Top of ENTRIES SHOWN
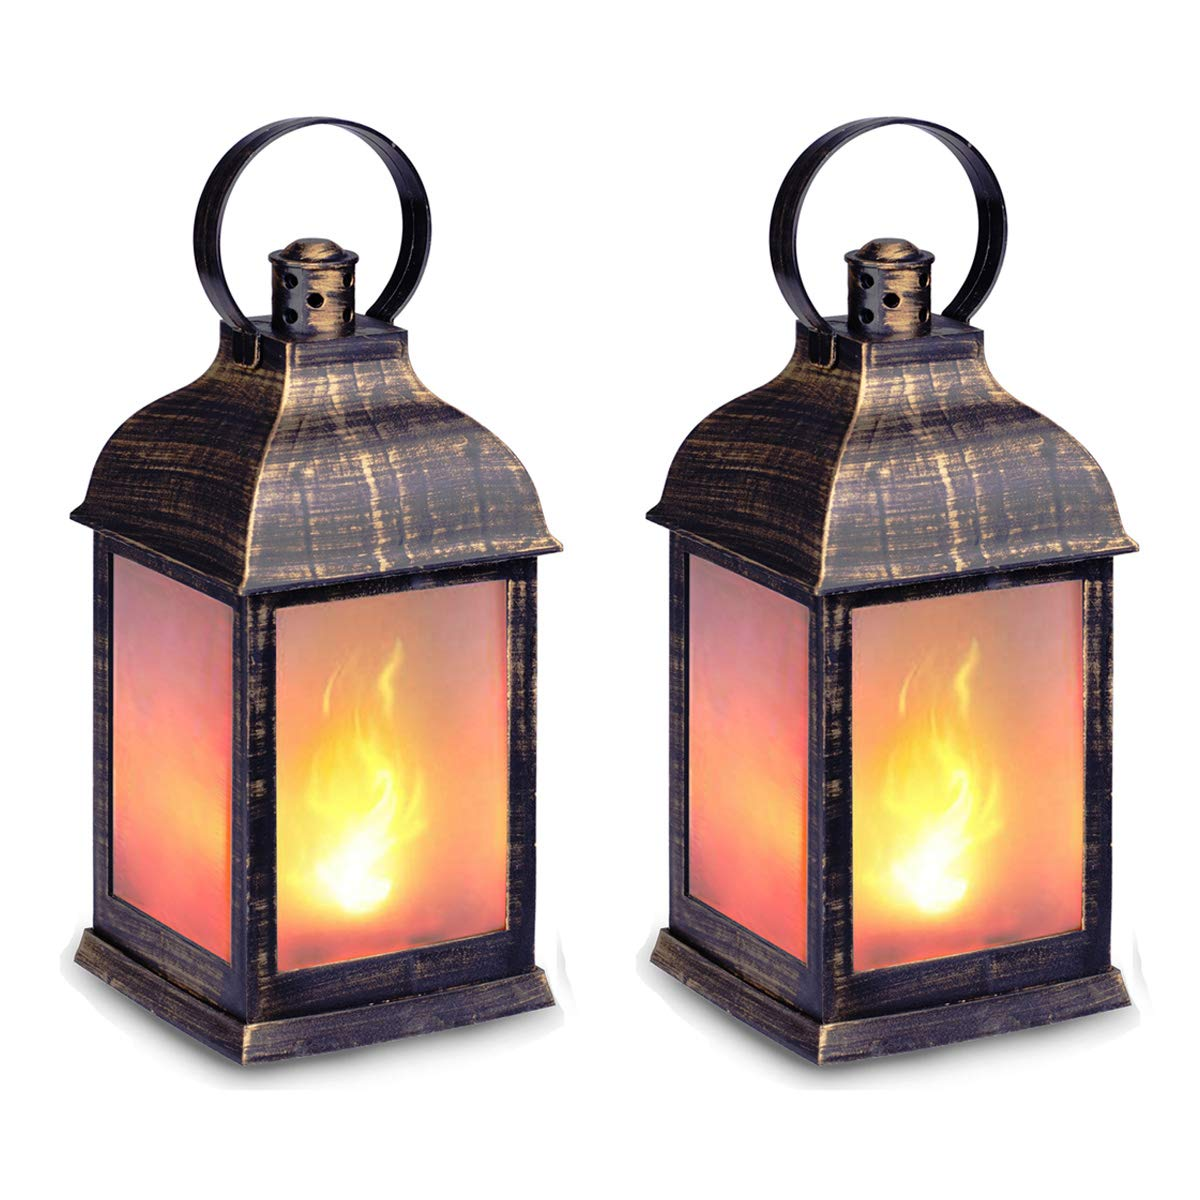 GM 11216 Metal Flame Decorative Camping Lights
Bottom of ENTRIES SHOWN
Top of ENTRIES SHOWN
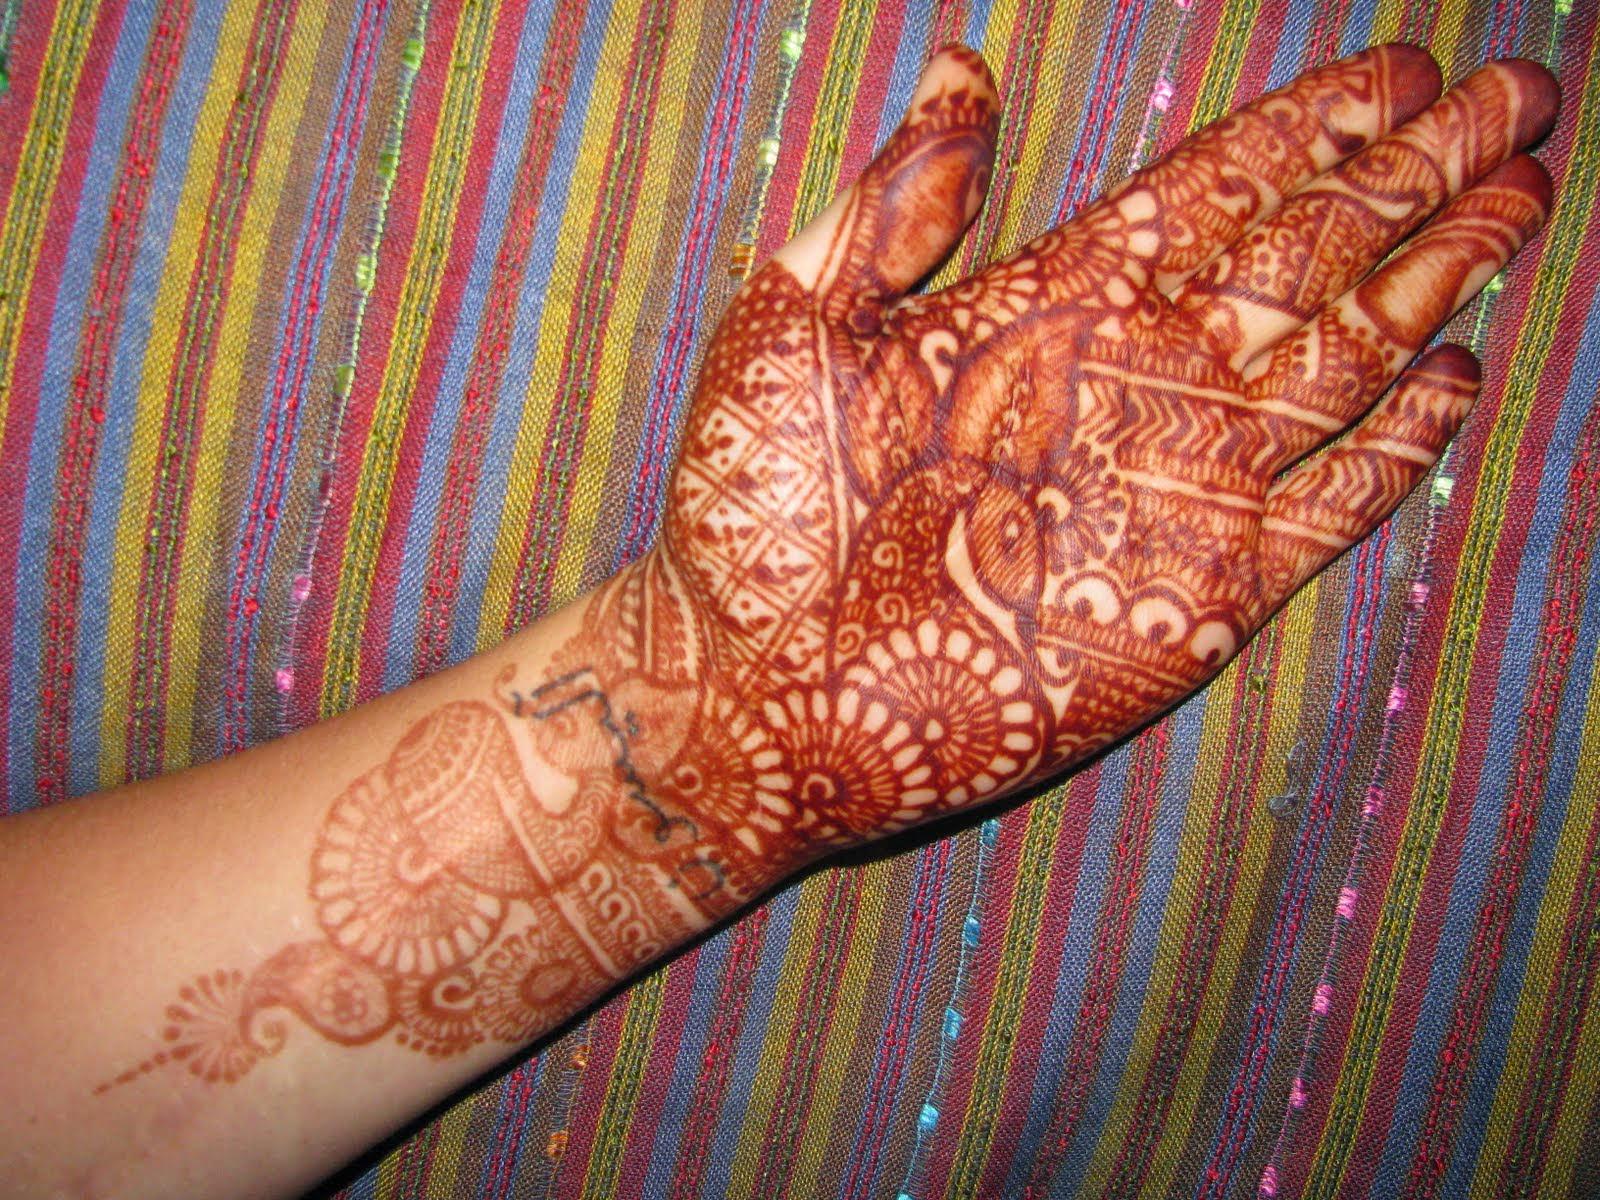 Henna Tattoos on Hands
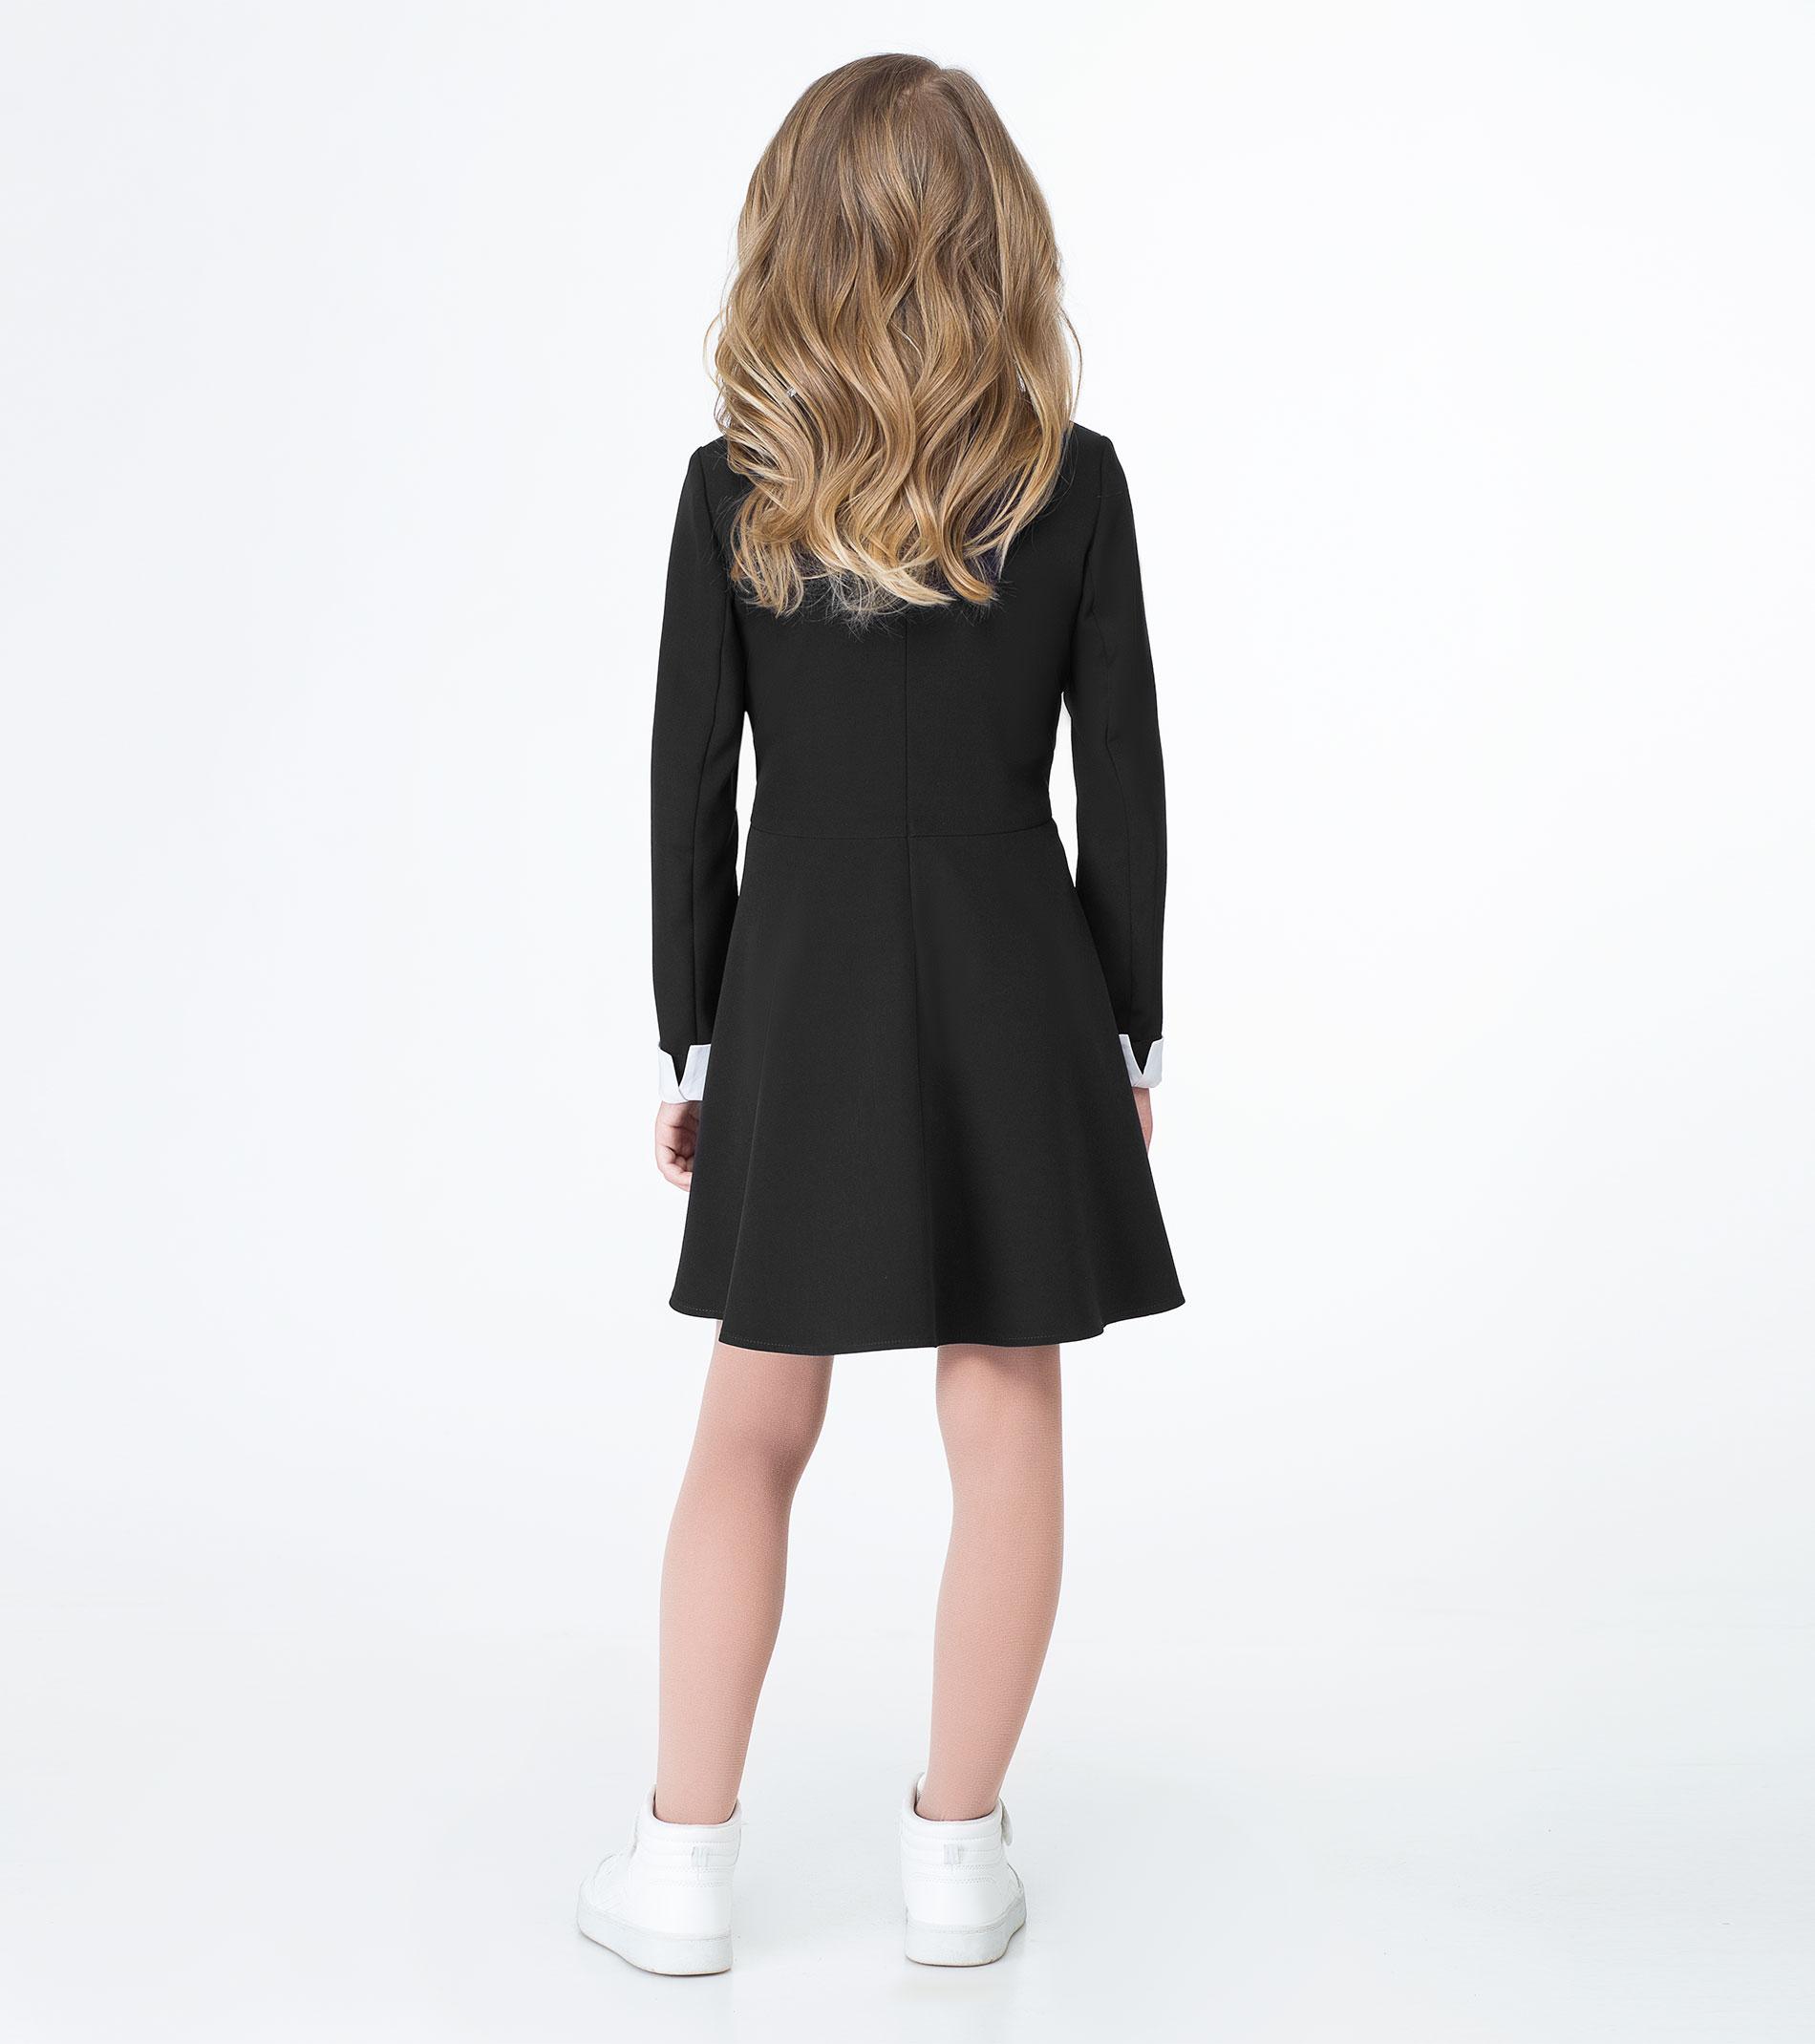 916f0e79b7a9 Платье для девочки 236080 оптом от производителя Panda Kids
Bottom of ENTRIES SHOWN
- _ASSIGNMENT_
Keep to the lines above from the line with "Henna Tattoos on Hands" to the line with "916f0e79b7a9 Платье для", and set down exactly those, inclusive, with nothing else and every picture left out.

- _TASK ANSWER_
 Henna Tattoos on Hands
 916f0e79b7a9 Платье для девочки 236080 оптом от производителя Panda Kids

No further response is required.